Does this relate to http://elasticlunr.com/? mdBook uses the latter, and I was wondering if there's a similar library for Python with index compatibility so I can provide my own search from them.
If you want to build search in Python you can get a very long way using the full text search engine built into SQLite, which is available in the Python standard library.
Thanks, but I didn't explain it well: I don't want to generally build search, I have a static site using mdBook and I want to use the mdBook indexes from Python to generate search results for that site.
You might want to consider mapping an index to an ets table-based data structure instead of an immutable object managed by a GenServer, it will give you a way to share it between processes without having to awkwardly copy a potentially huge data structure all over the place.
This makes sense, and I think you've taken the correct route. I look forward to trying this in one of my projects and comparing to my current postgres-only backed search strategy. For my use case losing the index between restarts isn't a deal breaker, so hopefully I'll have some useful feedback.
I don't understand how this works. Is data read from ETS somehow shared more efficiently than data shared via a regular message? (which iirc is always copied)
It's still copied but if you are using an ets table you're likely only copying a small subset of the data per query instead of schlepping the whole index every time.
Have you experimented with stemming for the full text search?
I've built (much simpler query DSLs) in nodejs & golang.

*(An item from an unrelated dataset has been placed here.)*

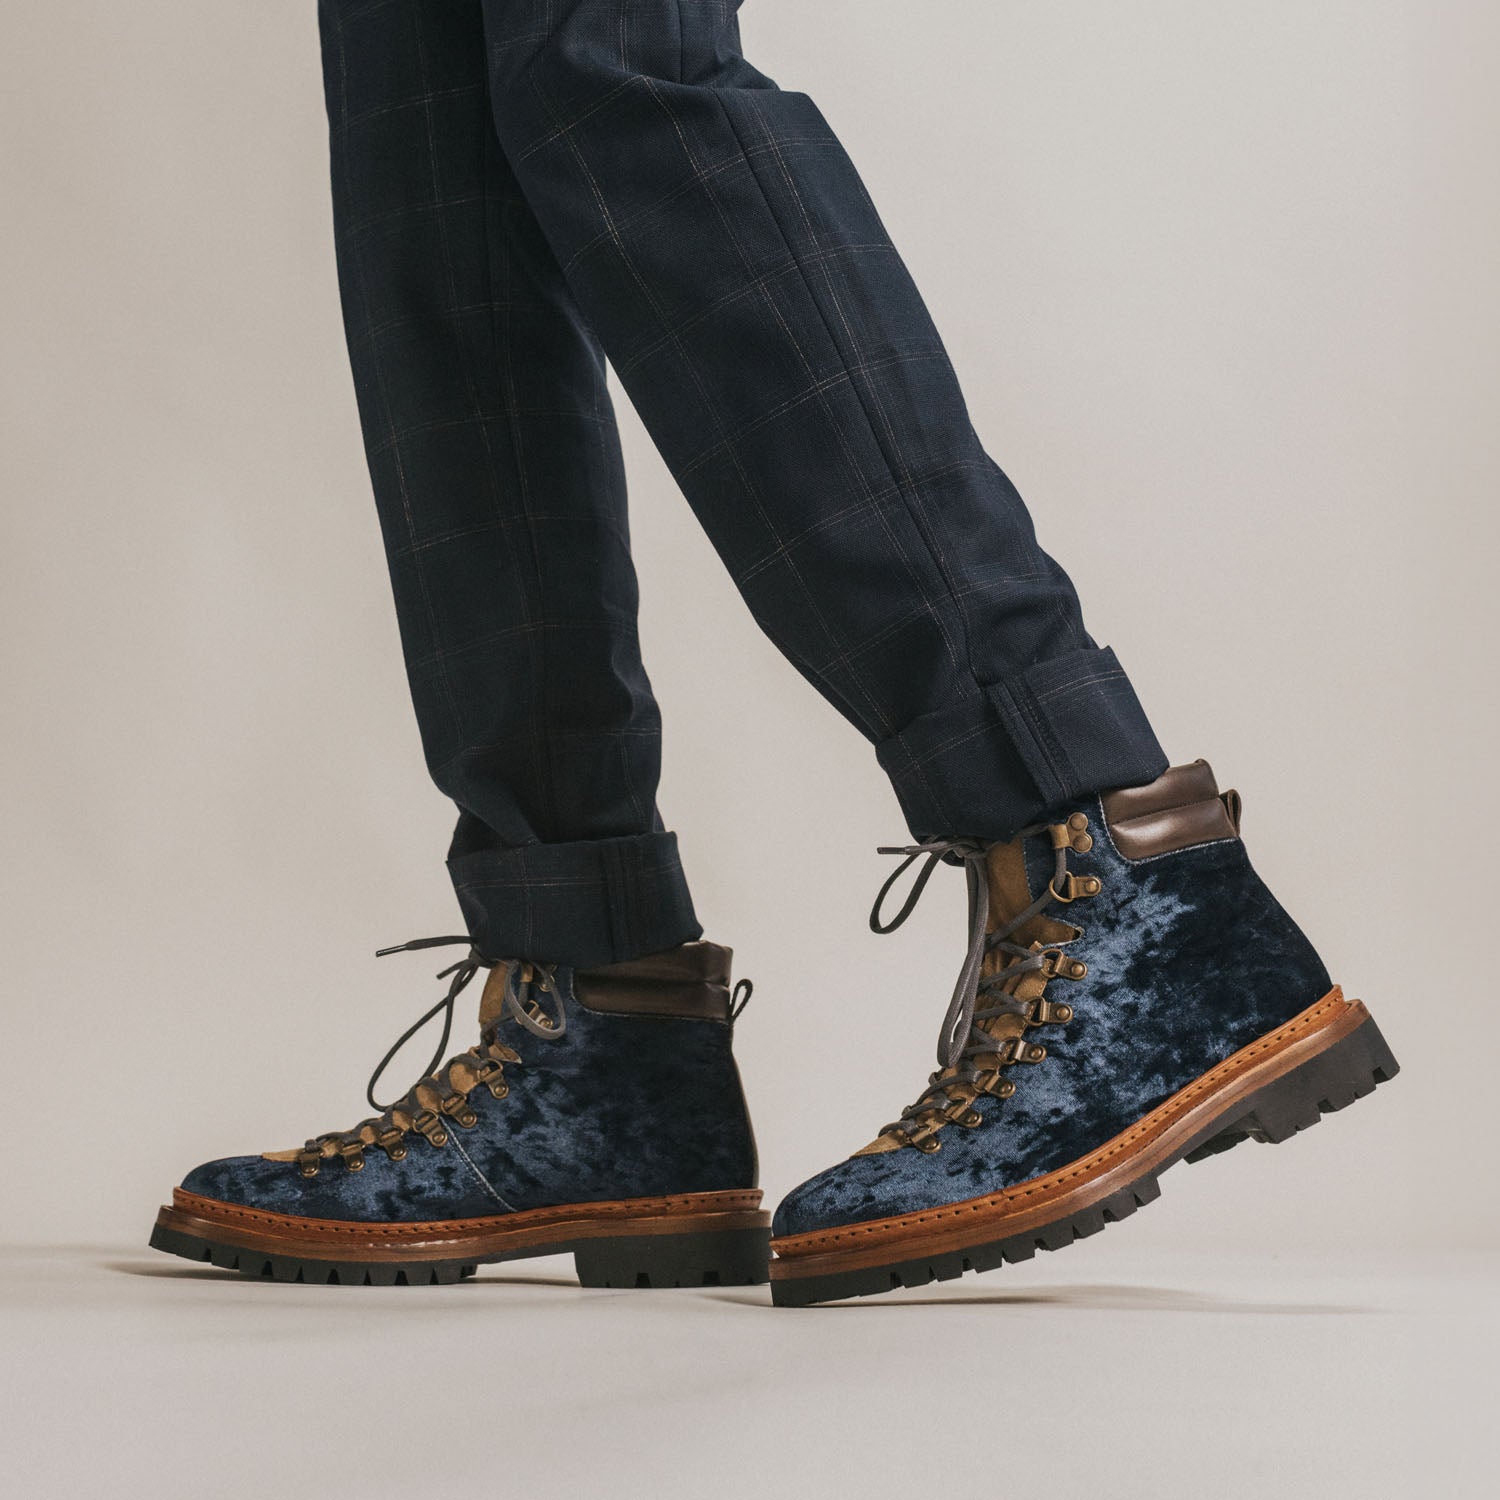 The Viking Boot in Deep Azure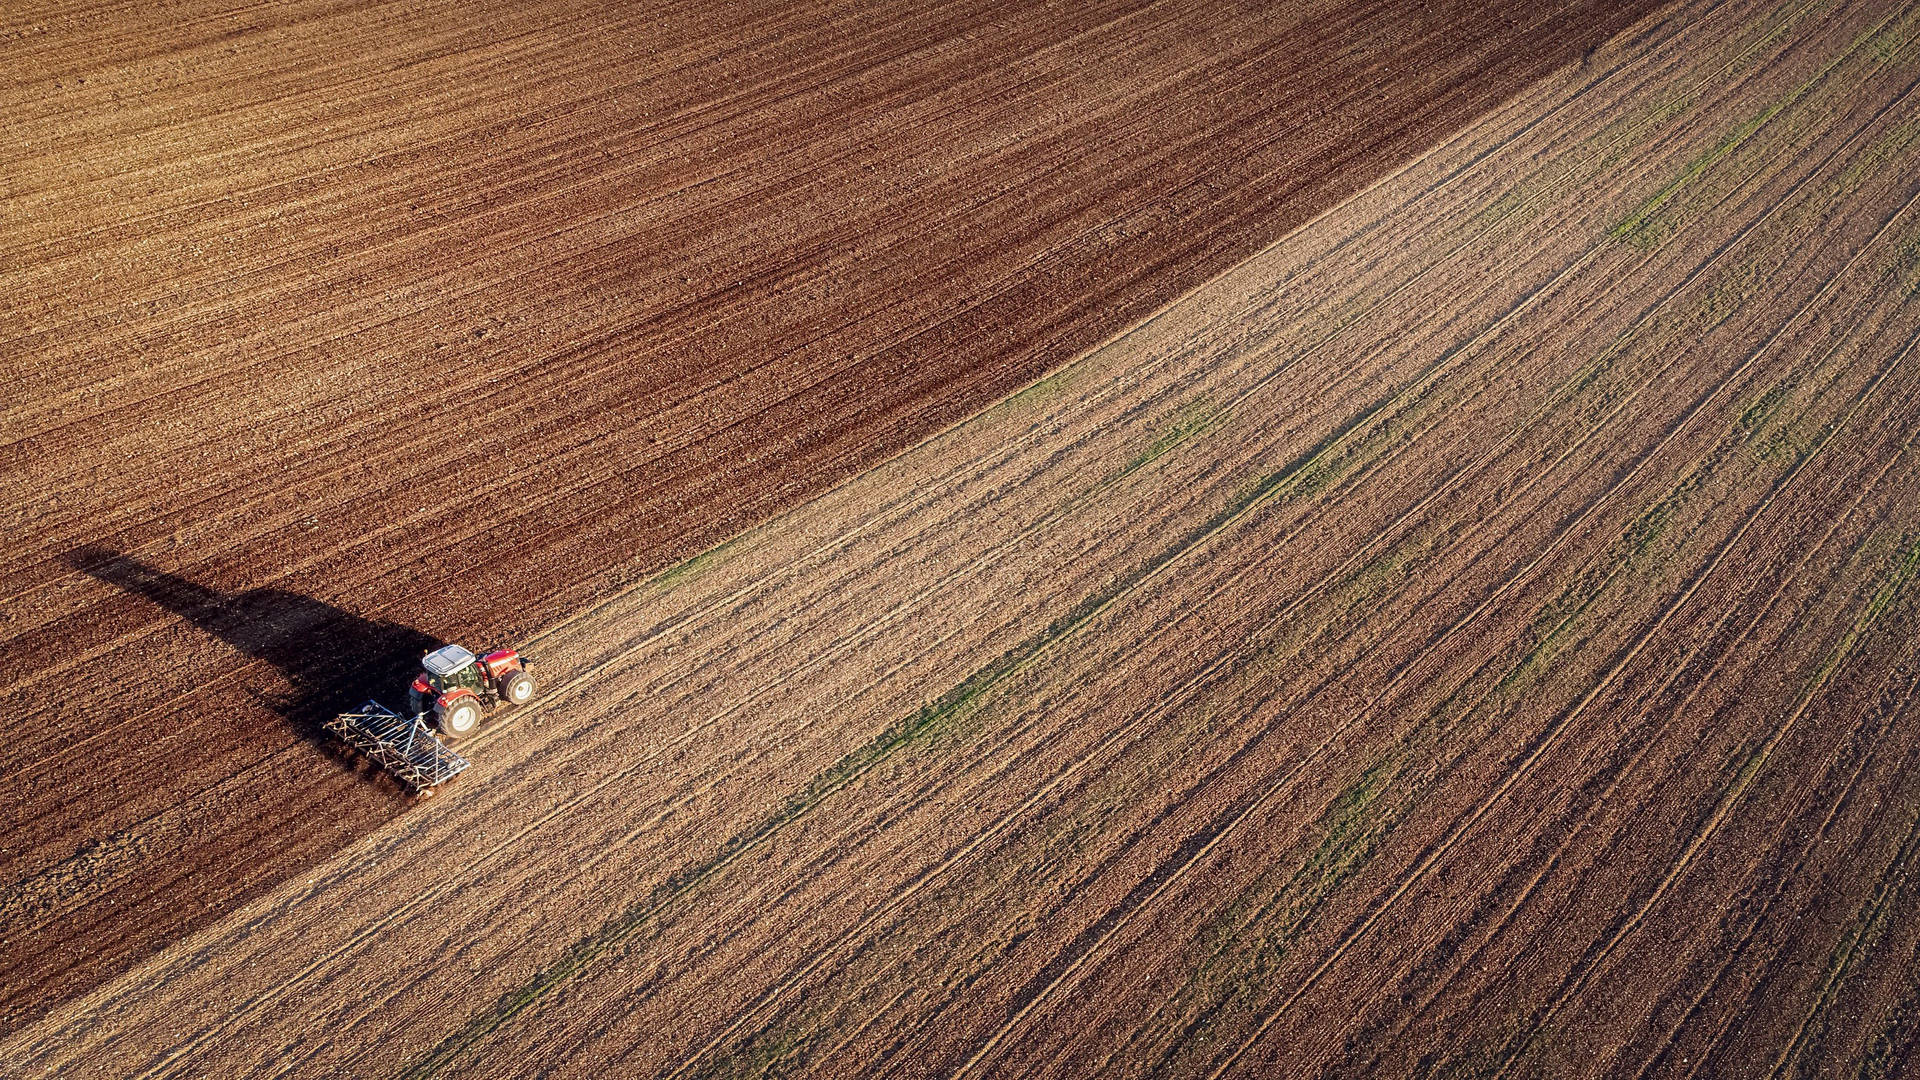 Aerial View Of Tractor On The Field Wallpaper

Adding stemming and also boosting rare words (TF-IDF stands for “Term Frequency — Inverse Document Frequency”) helped my use-case for recalling favorite tweets
I see that the original JS version has TF-IDF - so perhaps your port does as well
Yes. This library has stemming, TF-IDF included already. The everything provided by the JS version is included in this library. And improvements are made where applicable.
I just published an S3 storage provider for Elasticlunr. You can now store your indexes to an S3 bucket aside the Disk storage provider included in the base project.
The storage API is flexible, so writing to any storage provider (Google Cloud Storage, DB and so on) shouldn't be a problem. it's just a matter of grabbing the right provider or implementing one yourself.
Nice work! For certain storage media, e.g. S3 it might be useful to have some sort of delta-based updates where you can enqueue deltas that accrue over time. It might also be interesting to solicit volunteers to help implement distributed in-memory or disk persistence.